The entirety of this section is about using the concept of the longest common prefix, specifically the length of that prefix. We capture this by the following function:

Definition 3.1 (lcp function) Given string 𝑢 and 𝑣, we define the lcp function as follows:

lcp(𝑢, 𝑣) = max{︀|𝑝|

𝑝 ∈ Pref (𝑢) ∩ Pref (𝑣)}︀

Corollary 3.1

lcp(𝑢, 𝑤) ≥ min(lcp(𝑢, 𝑣), lcp(𝑣, 𝑤)) (1)

Furthermore, if 𝑢 ≺ 𝑣 ≺ 𝑤 we have:

lcp(𝑢, 𝑤) = min(lcp(𝑢, 𝑣), lcp(𝑣, 𝑤)) (2)

Proof Take 𝑚 = min(lcp(𝑢, 𝑣), lcp(𝑣, 𝑤)) and 𝑝 = 𝑢[0 : 𝑚]. Certainly, we have 𝑝 ∈ Pref (𝑢) and 𝑝 ∈ Pref (𝑤).
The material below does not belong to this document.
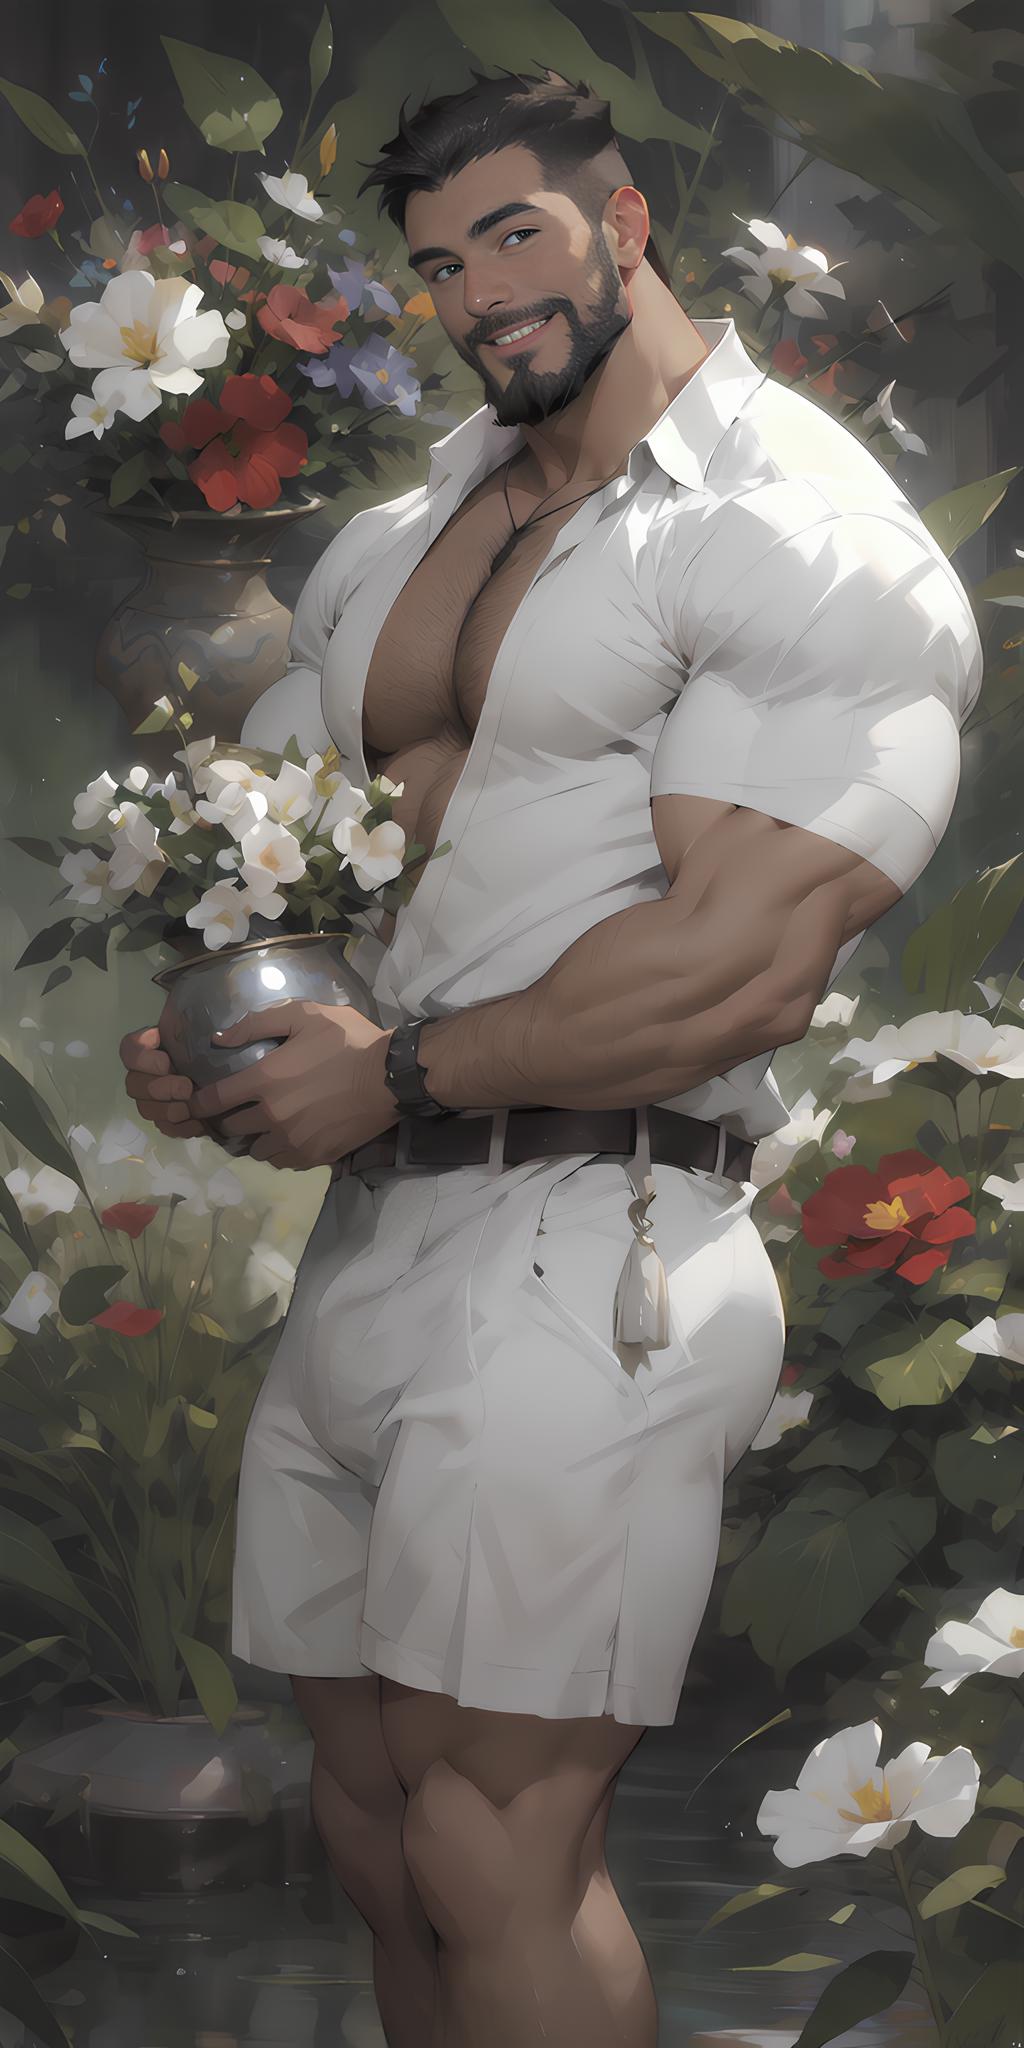 A muscular man holding a vase of flowers.

It then follows that 𝑚 = |𝑝| ≤ lcp(𝑢, 𝑤). This gives us the first claim.

Now for the second claim, suppose 𝑢 ≺ 𝑣 ≺ 𝑤.

We take 𝑟 = 𝑢[0 : lcp(𝑢, 𝑤)]. Trivially we have: 𝑟 ∈ Pref (𝑢) and 𝑟 ∈ Pref (𝑤). By observation 2.5, this gives 𝑟 ∈ Pref (𝑣). From which we can conclude 𝑟 to be a common prefix of 𝑢, 𝑣 and 𝑤. This gives lcp(𝑢, 𝑤) = |𝑟| ≤ 𝑚.

From the first claim, we have lcp(𝑢, 𝑤) ≥ 𝑚. Thus lcp(𝑢, 𝑤) = 𝑚 = min(lcp(𝑢, 𝑣), lcp(𝑣, 𝑤))  The utility of the lcp function lies in the fact that, after preprocessing, lcp queries can be answered in 𝒪 (1) time using the above corollary. We will see the exact mechanics of this later. For now, we focus on how to best exploit this easily computable function.

3.1 Using lcp to improve binary search

The first application of lcp (due to [Gus97]) is to speed up the binary search applied to word arrays as promised. Recall how our first speed up managed to reduce the amount character comparisons but still left us with the 𝒪 (|𝑝| log 𝑛) worst case bound. Here we will reduce that bound to 𝒪 (|𝑝| + log 𝑛).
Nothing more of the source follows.